Trató de recuperar su aplomo, cosa inútil ya, quiso aferrarse a algún derecho inexistente a ser tratado igual que cualquiera, sabiendo de antemano que ni siquiera iba a ser escuchado.

-Pero estos señores están bebiendo -paseó sus ojos llorosos, ya no tanto por el alcohol, por el grupo y volvió a detenerse en el gordo, aferrándose al músico como esperando de él una absolución, o lo que fuera, no importaba, él esperaba algo del gordo, el gordo aquel le debía algo, él necesitaba que el gordo le debiese algo. Pero el gordo sólo le volvió a mirar con el mismo desprecio y se giró de lado entreteniéndose en liar un canuto. Y él ya tuvo la idea, la determinación, pasara lo que pasara.
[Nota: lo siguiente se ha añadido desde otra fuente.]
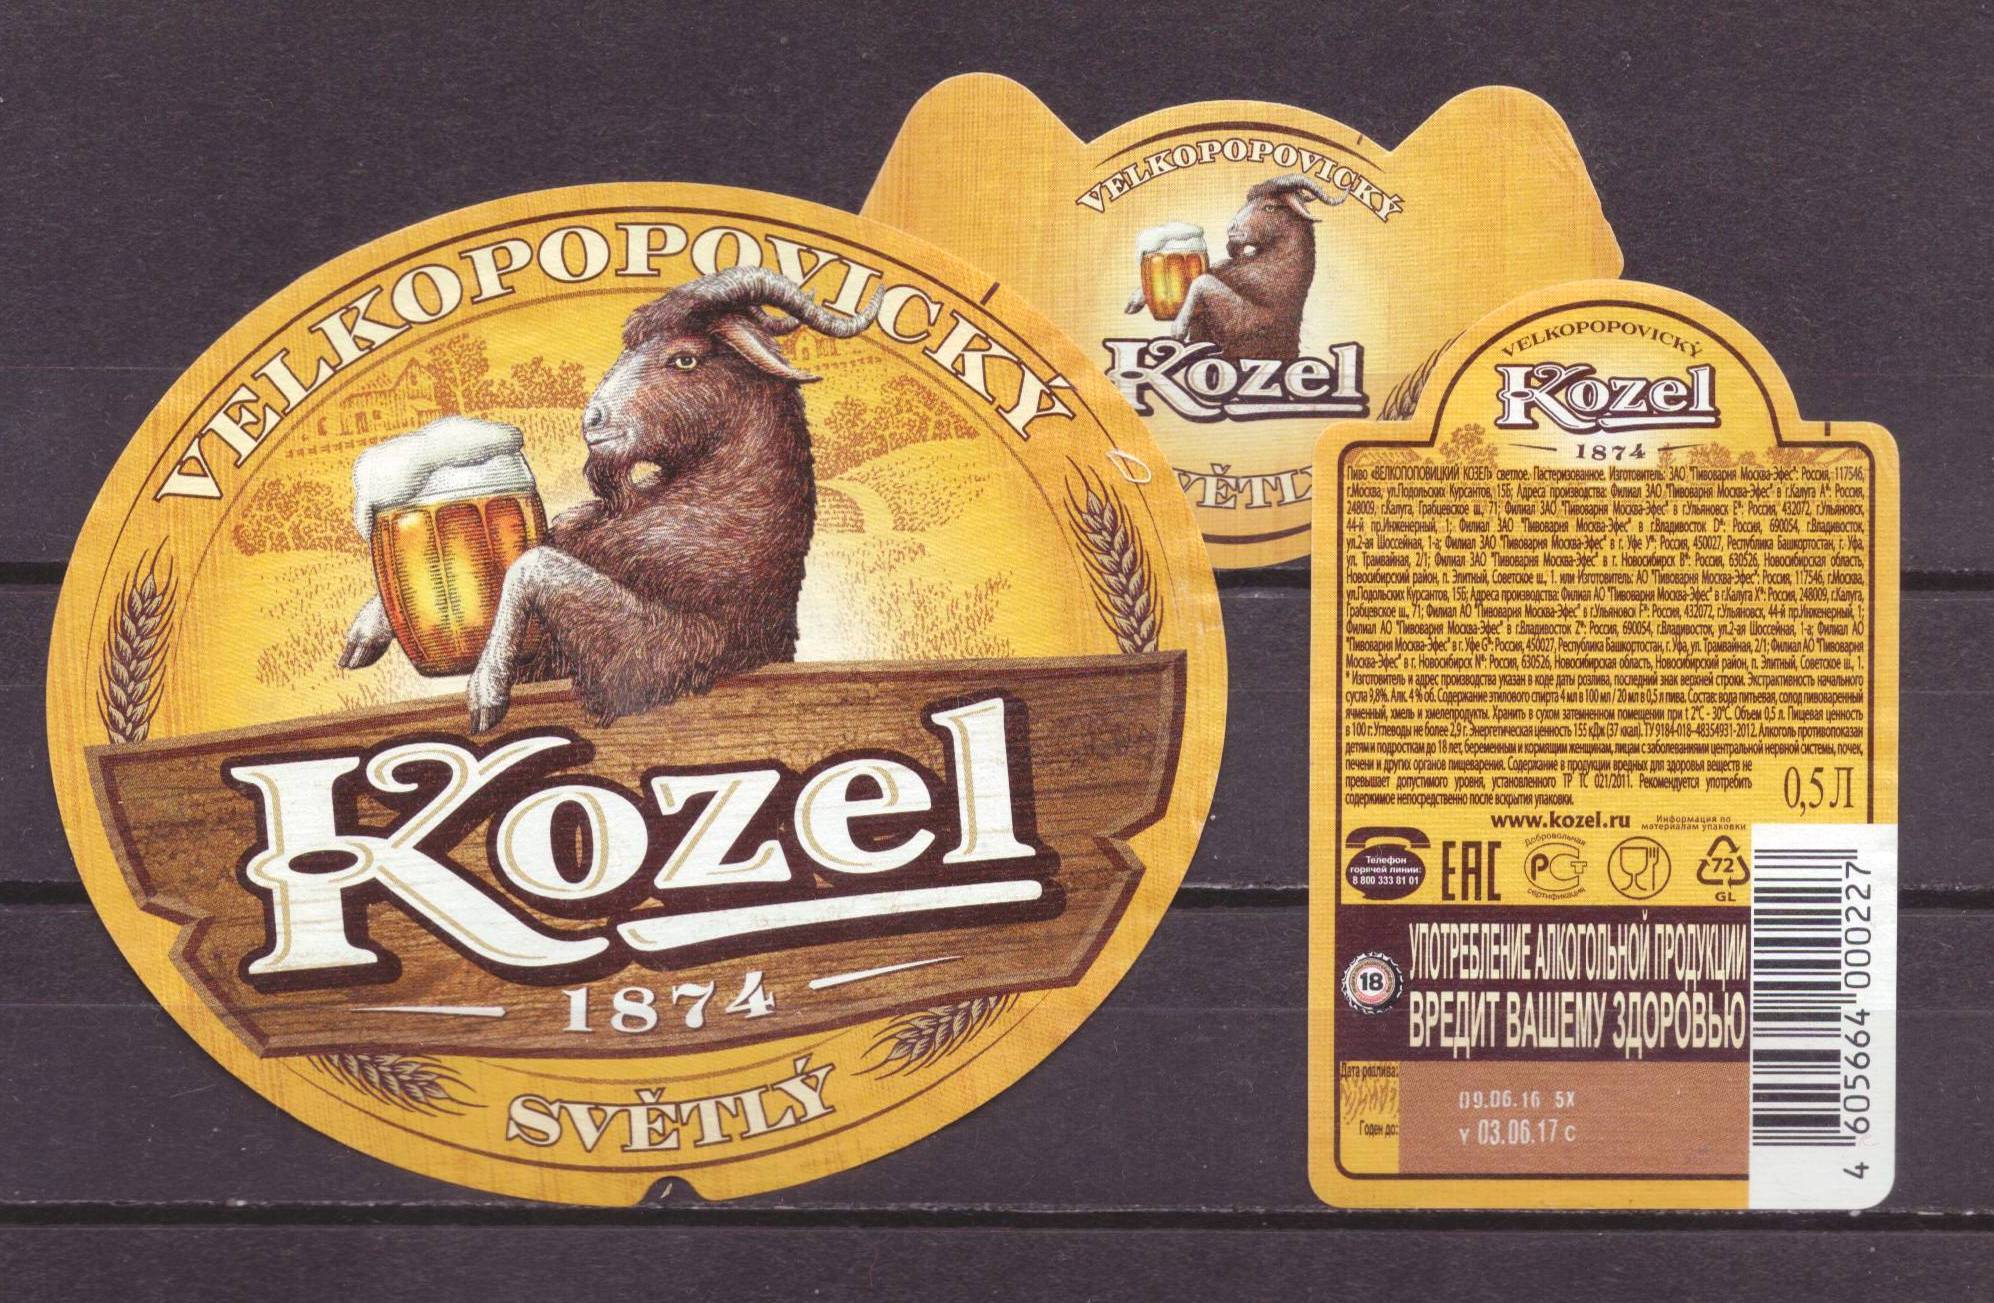 «велкопоповицкий козел»: история, производитель и отзывы о чешском пиве

-Estos señores son de la casa -dio por zanjada la cuestión el camarero con la voz rotunda del que no admite contestación. Él no pudo responder, quizás ni le oyó, siguió mirando al gordo con lágrimas de tanto desprecio en los ojos convirtiéndose ya en dagas de odio hacia aquel gordo extranjero que desde la primera nota de su saxo se había propuesto humillarlo, insultarlo. No te necesito gordo, ya no necesito hablar con nadie, no necesito ya la amistad de nadie, y menos de ti, se grabó en la mente. Salió. Se acurrucó en el portal vecino. La rabia le hacía sudar como el gordo. Y notó cómo el sudor le olía a gordo, el corazón le dolía a gordo, y toda su vida era un gordo despreciándole, girándole la cabeza. Toda la noche era un gordo suspiro que se le atragantaba en el alma y pasó más de una hora antes de que viese pasar al gordo con su saxo embalado en la mano, caminando despacio calle abajo. Estaba amaneciendo y la luz era tan reflejo opaco que sólo el gordo era ya noche sucia que tapa la claridad, que no deja ver más allá. Lo siguió a distancia hasta el callejón y la sangre del gordo surgió como de un aspersor, chifló entre las grasas del gordo con notas de gordo desafinado, con gemidos de soledad para siempre del gordo que ya en la quinta puñalada parecía medio desinflado, de rodillas en la acera, todavía sujetando el instrumento en su mano, como dispuesto a tocar un último solo que nadie nunca le aplaudiría.